On Saturday, Foreign Secretary Liz Truss met in England with a congressional delegation led by Richard Neal, a senior member of Pelosi’s House Democrat party.

“We discussed our unwavering commitment to Belfast [Good Friday] Agreement, the importance of free trade and our condemnation of Russia’s illegal invasion of Ukraine,” Truss tweeted.

The Foreign Office declined to comment further.

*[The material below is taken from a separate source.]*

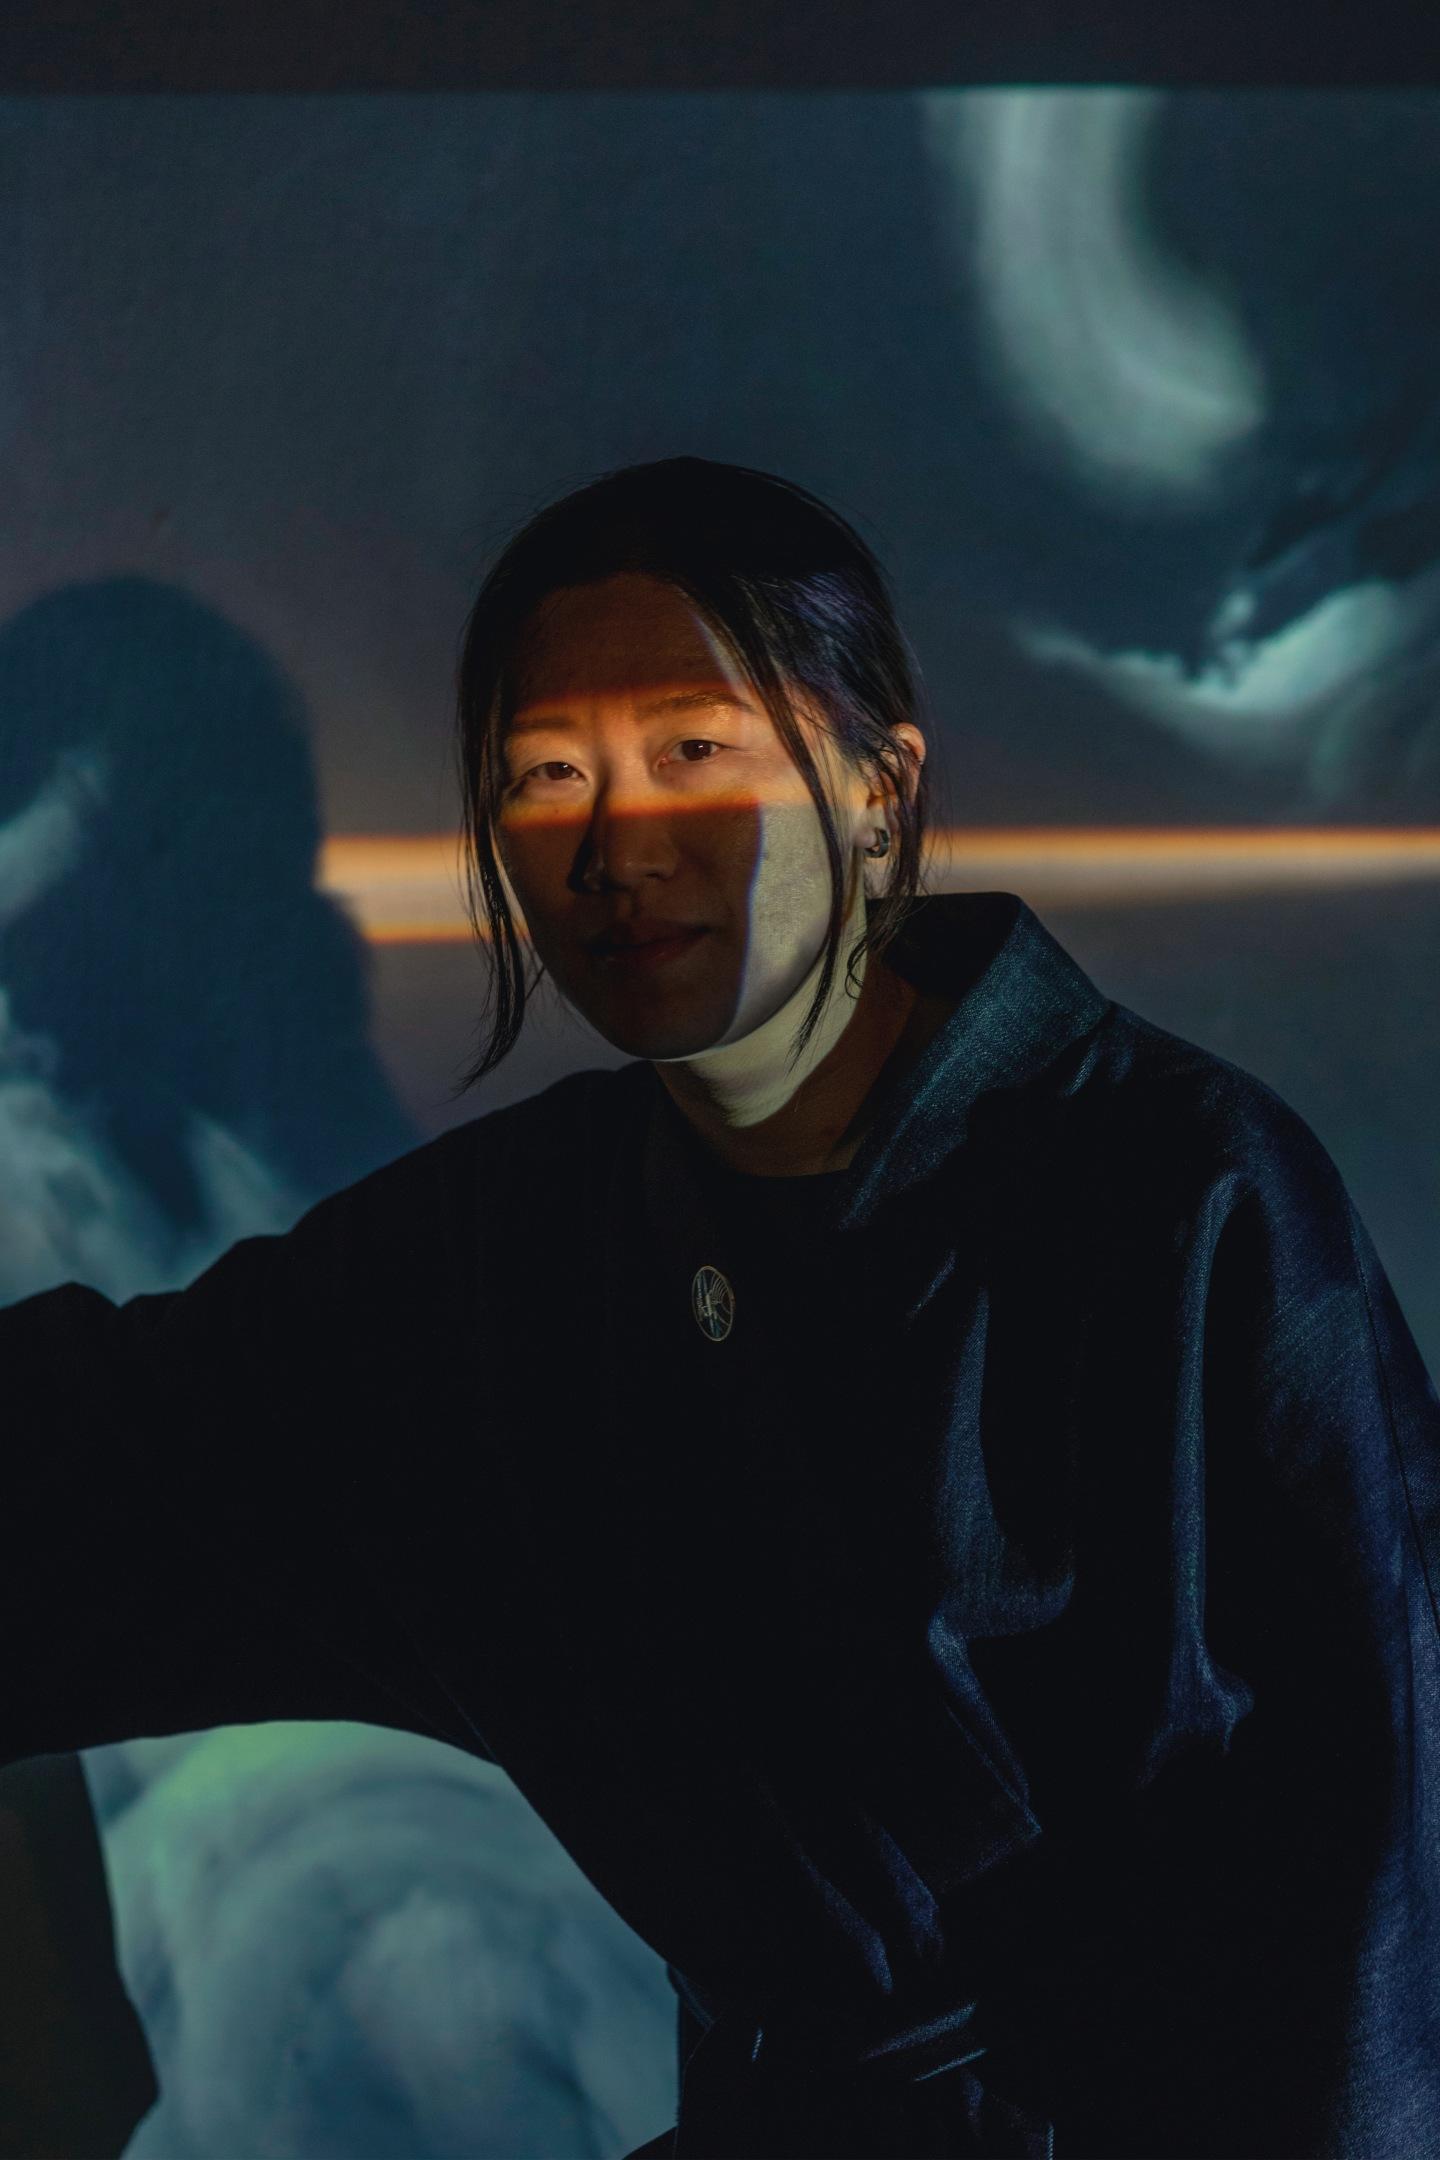 Artist Dyan Jong Moves Time with Light

But according to the British Observer newspaper on Sunday, Truss told Neal’s delegation that London could not let the “situation drag on” if the EU did not respond favourably.

Neal, however, stressed Washington’s “unity” with the EU after members of Congress visited Brussels on Friday.

And after what he called a “candid” meeting with Truss, the Democrat tweeted on Sunday: “I call for good faith negotiations with the EU to find lasting solutions for post-Brexit trade between the Great -Britain and Northern Ireland.